What the N-Gage did do was put a lot of ideas back into the industry; community features, reccomendation and online rankings were all there before Facebook games and iPhone made them the norm.
Henrik | 5 November 2009
Yeah, there were some good games on N-Gage. But it doesn't really matter anymore that N-Gage dies, since the Ovi Store is starting to shape quite nicely and the stability problems are almost completely ironed out now.

There are already lots of games on the store, and in different formats and prices as well. Since the Ovi Store has been launched it seems more are encouraged to actually do native Symbian games again, which is really nice, esspecially considering the newer devices like the 5800, N97 etc.

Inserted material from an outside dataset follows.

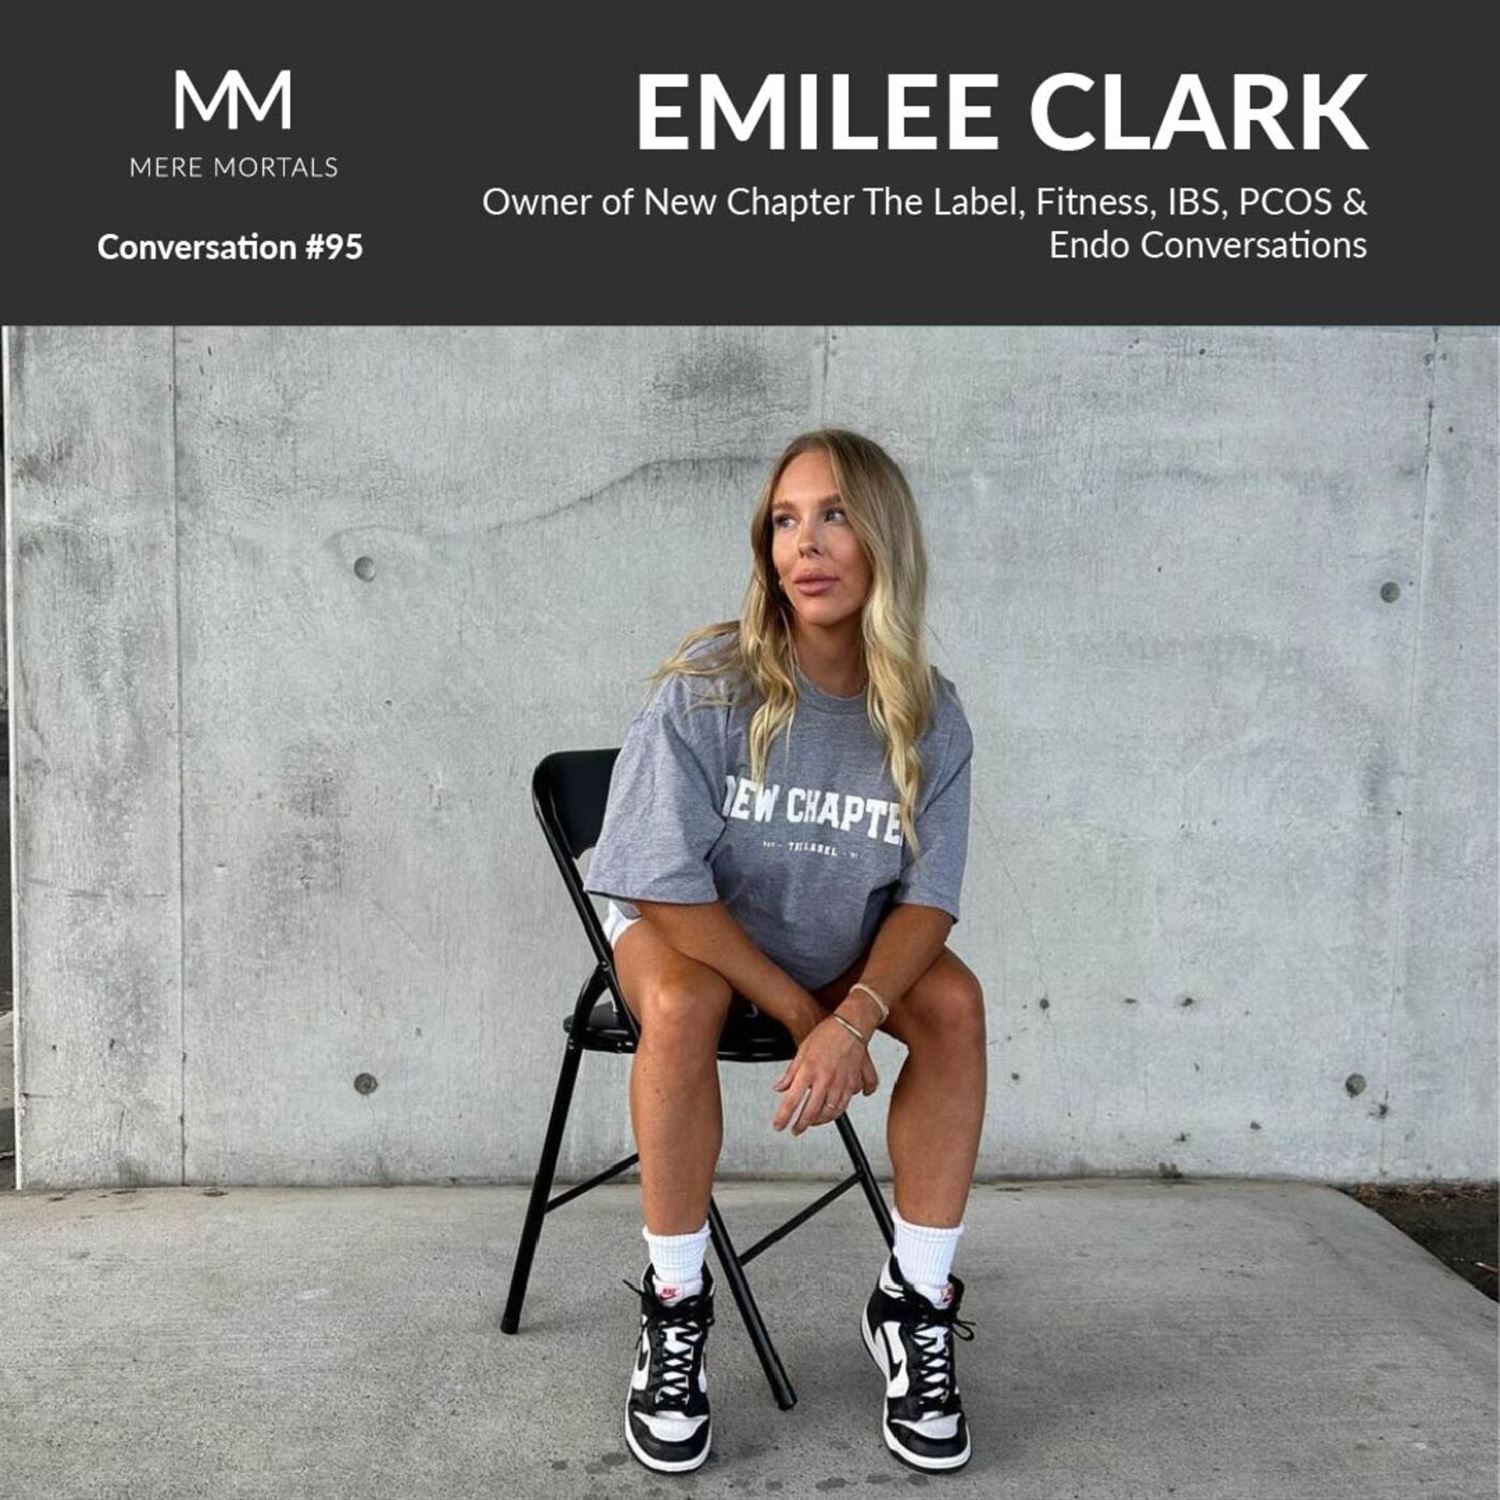 EMILEE CLARK | New Chapters, Fitness, Apparel, IBS, PCOS & ENDO

Nokia has had a difficult year, catching up, consolidating, unifying services and fixing bugs. It seems that it has started to work for them now, so killing off N-Gage (the last of their previous generation services) seems only natural.
rahul | 9 November 2009
If you consider why Iphone is famous & Ngage is not, i would say that apple has 3 versions of Iphone now (Normal,3g & 3gs) , all have same gaming capablities. But with Nokia there are a lot of inconsitencies for instance, no ngage support for N73,N76,N91,N80,5700XM although i do know unofficial Ngage can be downloaded. More so its a shame of biggest magnitude that a high end device like N93 which boasts of 3d graphics accelerator, TV out had no Ngage support. Nokia please not everyone is a fool or can afford to burn cash ( i mean one who has N73 moves to N95 for Ngage, Not many would do that, an Nseries phone is priced equivalent to a netbook's cost mostly). I am not a dedicated gamer, I bought N81 for Ngage but i was very disappointed about the number of games available at Ngage comapred to I phone games. One more thing that would have irritated the hell out of a prospective Ngage game buyer would be the demos, the try & buy is great nokia but where is the point of trying if you can play demos for 20 seconds (Asphalt 3 gameloft it has to gameloft who is capable of this stupidity).A demo is intended to create interest so that eventually he would buy the game but if you are going to play demos for 20 secs to a minute who is going to be stupid to buy a game. There is also a debate whether 3d graphics card should be placed in every phone & since it was not placed Ngage was not popular, i tend to disagree, mobile phones cannot equate a Nvidia graphics monster so it shouldnt matter. the reason why Ngage is dead is because of Nokia only & some assistance from gameloft who just ported its "HD"games to Ngage. Just a request to nokia guys PLEASE DO NOT BRING OUT NGAGE 3.0 BECAUSE ANY BUFFON WOULD HAVE KNOW THE FATE OF NGAGE PRIOR TO A YEAR. RIP NGAGE.